Prompt 48: "Write a Dockerfile for the Node.js API. Use a multi-stage build: stage 1 installs all dependencies and compiles TypeScript to dist/. Stage 2 copies only the compiled output and production dependencies. Use node:20-alpine as the base image. Run the process as a non-root user. Expose port 5000. The final image should be under 150MB." — Prompt 49: "Create a docker-compose.yml for local development. Services: api (builds from the local Dockerfile, mounts the src folder for hot reload with ts-node-dev, sets all required env vars), mongo or postgres (official image with a named volume for data persistence), and optionally redis (for rate limiting or sessions). Show how to run the whole stack with docker-compose up." — Prompt 50: "Write a production deployment checklist for the Node.js API. Cover: environment variables to verify before deploying, the Mongoose or Prisma migration step to run before starting the new server version, how to do a zero-downtime deploy with PM2 cluster mode or Kubernetes rolling update, what health check endpoint the load balancer should poll, and how to roll back if the new version fails the health check within 60 seconds."

FAQ

Do these prompts work with Fastify instead of Express?

Most structural prompts work with minor adjustments. Fastify uses a different plugin system and schema validation approach, so validation and middleware prompts need the most changes. The auth, service layer, and database prompts translate almost directly.

Should I use Mongoose or Prisma for a new Node.js API?

Prisma with PostgreSQL is the better default for new projects in 2026. The type safety is significantly stronger, migration tooling is more mature, and the query API is easier to test. Mongoose is still a good choice if your team has deep MongoDB experience or your data is genuinely document-shaped.

Can these prompts generate tests that actually pass?

Generally yes, but generated tests often need the import paths and mock setup adjusted to match your project structure.
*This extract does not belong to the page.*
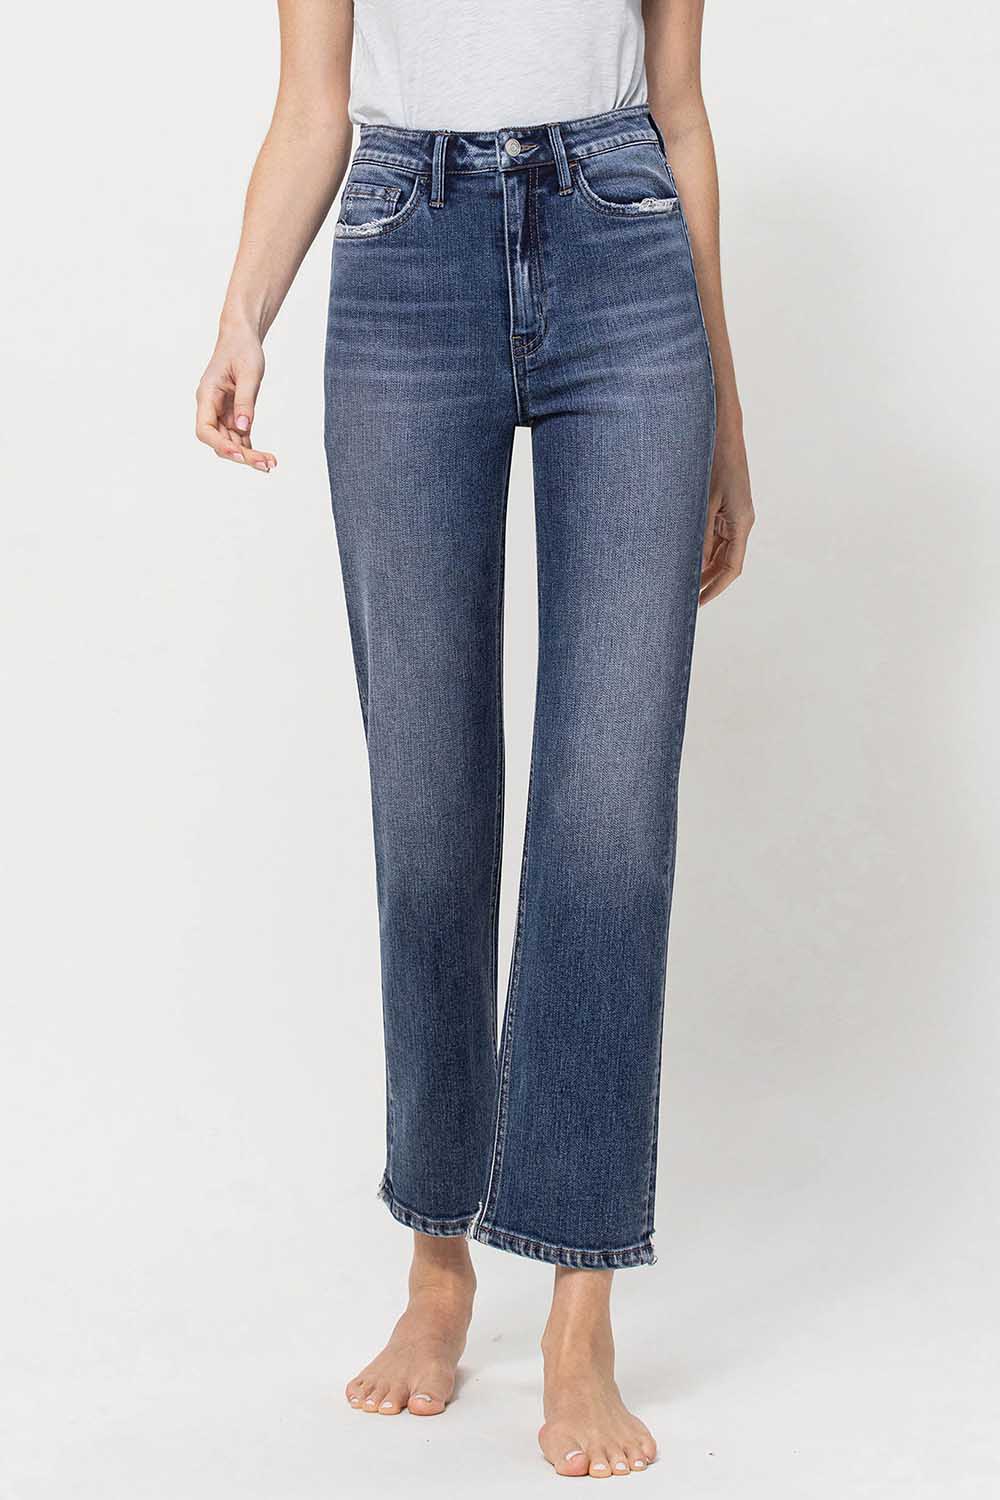 flying-monkey-jeans-high-rise-ankle-straight-jeans

Run the tests immediately after generation and fix any path or type errors before moving on — they are usually small fixes.

Is JWT the right auth approach for a REST API?

JWT with short expiry access tokens and refresh token rotation is solid for most APIs. Session-based auth in Redis is worth considering if you need instant revocation — JWT cannot be truly invalidated before expiry without a denylist, which adds infrastructure complexity.

How do I adapt these prompts for a microservices setup?

The individual service prompts work without changes. Add prompts specifically for the cross-service concerns: service-to-service auth (shared secrets or mTLS), event publishing to a message broker, and distributed tracing headers. Those are different enough to warrant their own prompt set.